Shavings almost always get into RoboRIO through the ports. It never hurts to open the RIO if you suspect shavings made their way in (and that does NOT void the warranty). If you’re not sure, take a look at the RoboRIO power lights (Here’s a handy reference). If the POWER LED is red, you most likely a short.

Adding to this growing list of information, I found alonther thing that seems pretty weird. I’m don’t consider myself very familiar with all of the ins and out of the underlying functions and processes, but I’m pretty sure that when the robot is disabled, no current should be going through the PDP, or at least none in substantial amount.

I’m looking at the log data I shared, 2018_03_03 12_44_06, and discovered that although the robot has browned out and lost communication, there are about 5 amps running through PDP 2, which is our lift motor. This continues until we reconnect and re-enable. Only PDP 2 is active. Would this explain why our lift motor is warm/hot after a match?

Somehow I wasn’t paying enough attention the first time I read these logs and missed the pdp2 current consumption.

It’s a little inconsistent but in several matches the current draw is very substantial.

Would you be willing to share mechanical details of your lift or pictures?

With the amount of current passing through the motor in the earlier matches it’s very plausible the motor overheated and it’s windings are shorted.

You could also check the resistance between the motor leads with it disconnected.

Can you post a screenshot of a completed JVN spreadsheet for the lift and for the the arm?

And the drivetrain too.

We had a communications issue at Finger Lakes last year that ended up being a bad ethernet port on our driver station laptop.
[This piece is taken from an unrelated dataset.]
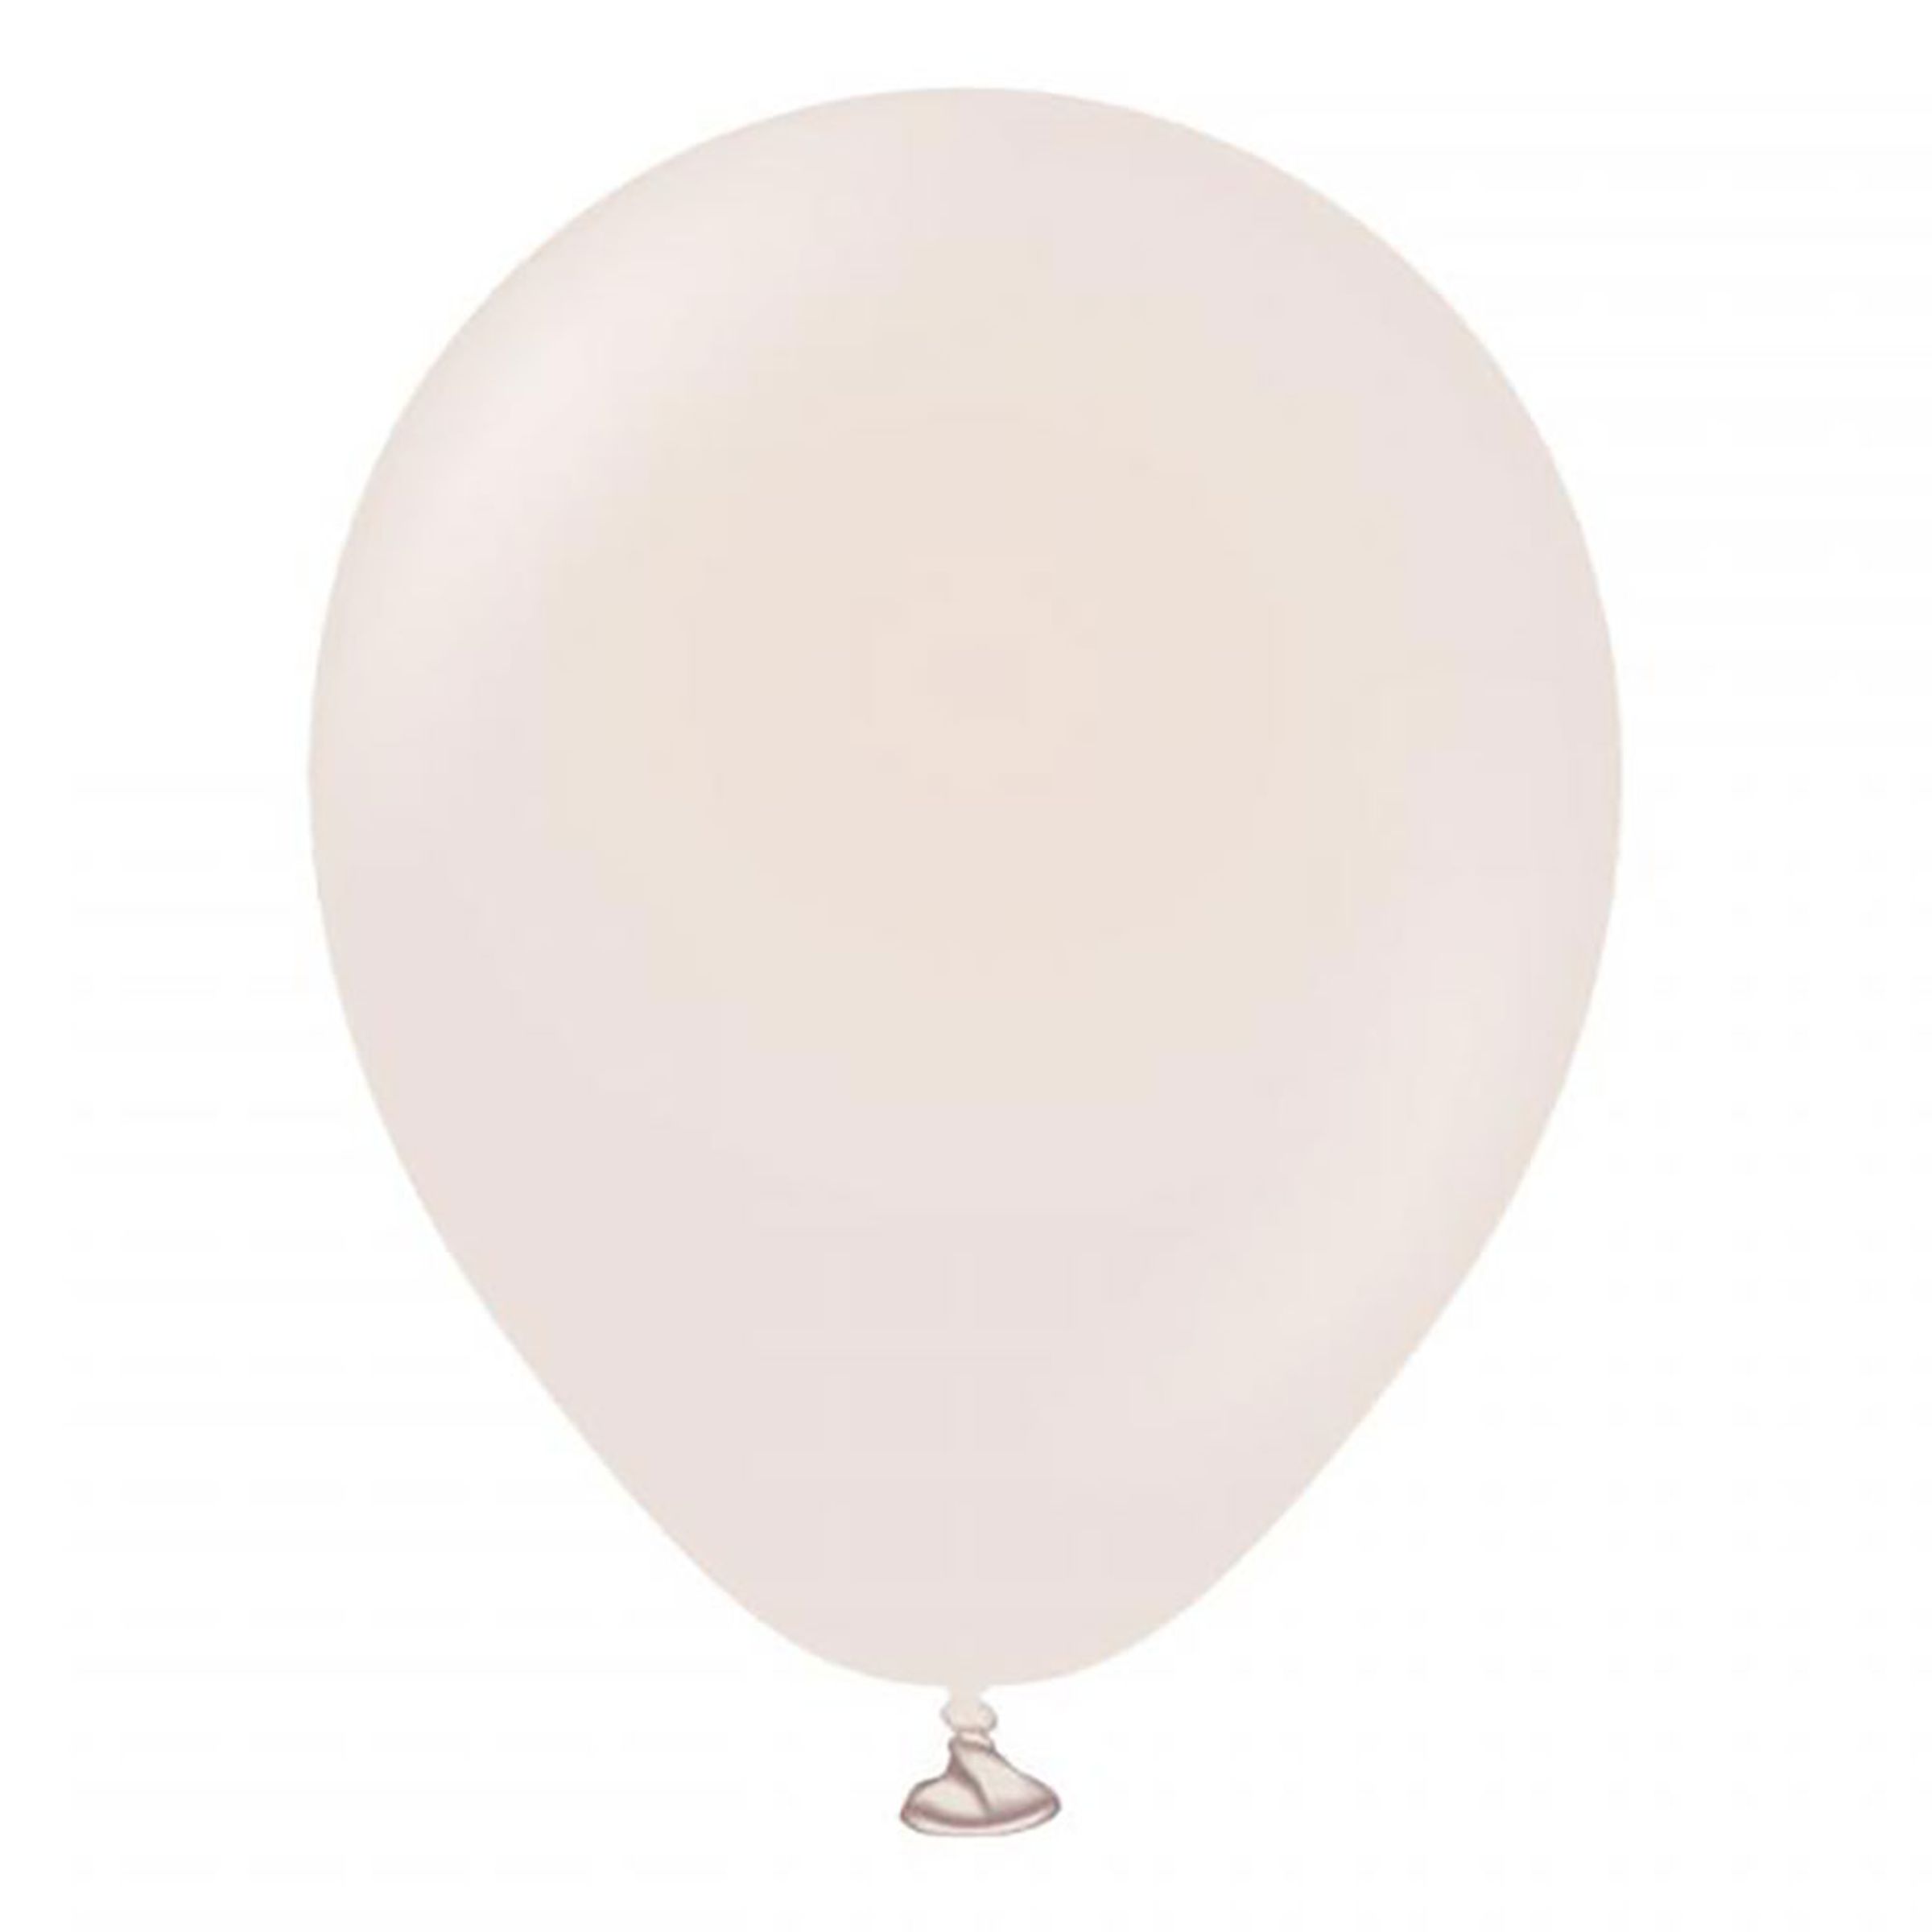 Latexballonger Professional White Sand - 100-pack

We fixed it temporarily by taping the ethernet cord into place to make sure it couldn’t come out. Not sure if this is your issue, but hopefully this helps!
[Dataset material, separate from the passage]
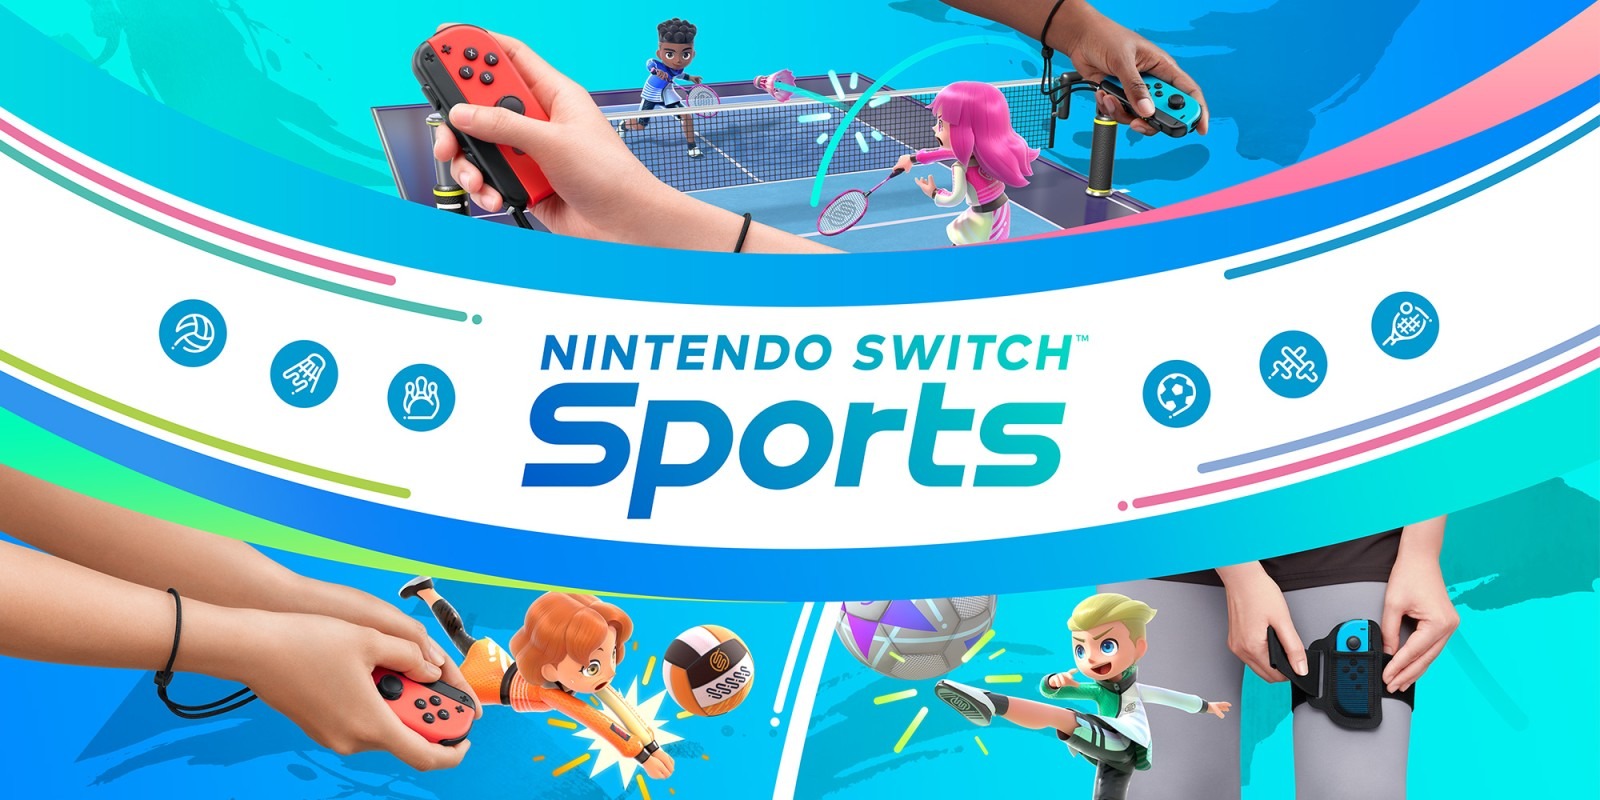 Nintendo Switch Sports causa boas impressões entre os críticos

Something to check would be the power to the rio. We had a similar problem where during matches we would start out connected then during the match loose connection, and regain connection right before the end. We found the problem to be the screws holding the power wires that go into rio had come loose thus making the power to the rio flicker during the match. This would drop power to the radio and force our radio to have to reboot during the match which would take around 30s sec. We fixed this by tightening the connection on the rio and adding a power by ethernet to our radio. This way if the power drops to the rio, the radio will still have power and not have to reboot. Not sure if this the problem you guys are having but might be good to check.
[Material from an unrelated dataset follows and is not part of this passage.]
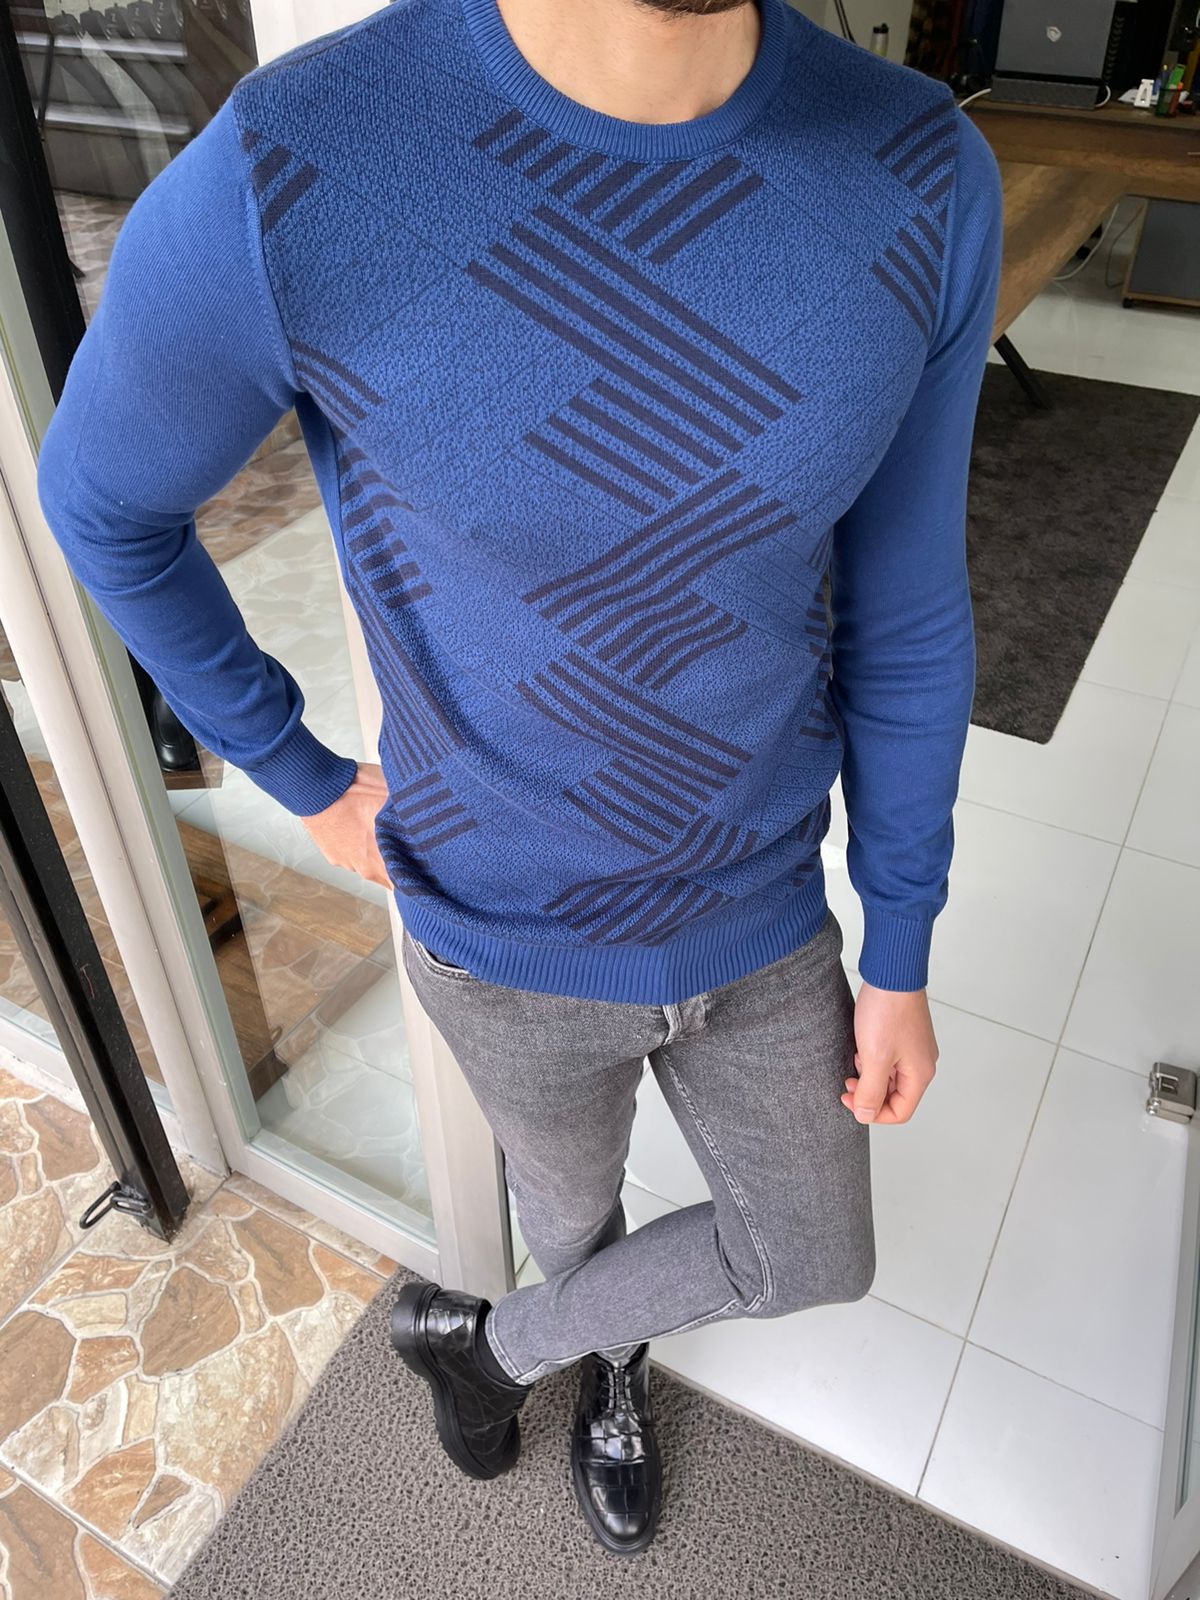 Tucson Sax Patternd Slim Fit Sweater

…wat? The radio power has absolutely nothing to do with the RIO power…

Last year we ran into a strange issue where we could lose control of our Drive Train for about 30 seconds at a time, but it only happened at competition. We had problems at every competition, and it seemed to get worse as time went on. We tried everything. We changed code to be more efficient, we reset every board on the robot, we had 3 different CSAs look at the problem. Eventually, as a last guess, a CSA at Gitchi Gummi Off-Season mentioned something about overloaded current draw from one of the motors on the Drive Train, so just as a last-ditch effort, we swapped out the gearboxes on the Drive Train between off-season events.

Here’s the crazy part:
The problem never returned. Our gearing was too intense for the motors and it would result in the breakers popping, causing us to lose controls. May not be your issue, but it’s something to consider.

Maxcr1, I’ve also been thinking it could be a strain problem. We have one motor (775-pro, 70:1 gear) that operates the lift. I checked with my mentor about putting a stronger gear ratio on it, but he said something about it wouldn’t be good with all the forces being applied.

Another question- what actually records brownouts? Is it the PDP that tells the rio that it has browned out, or does the PDP send the voltage reading to the rio for the rio to interpret?

The RIO reads the voltage rating, when it drops below 7V the rio goes in to brownout protection mode and commands all attached motor controllers to cut all power, this is done to prevent the rio from losing power and rebooting.

The rio also sends the brownout indication in its bundle of other data from the PDP to the driver station.

In a brownout, is the radio supposed to lose power?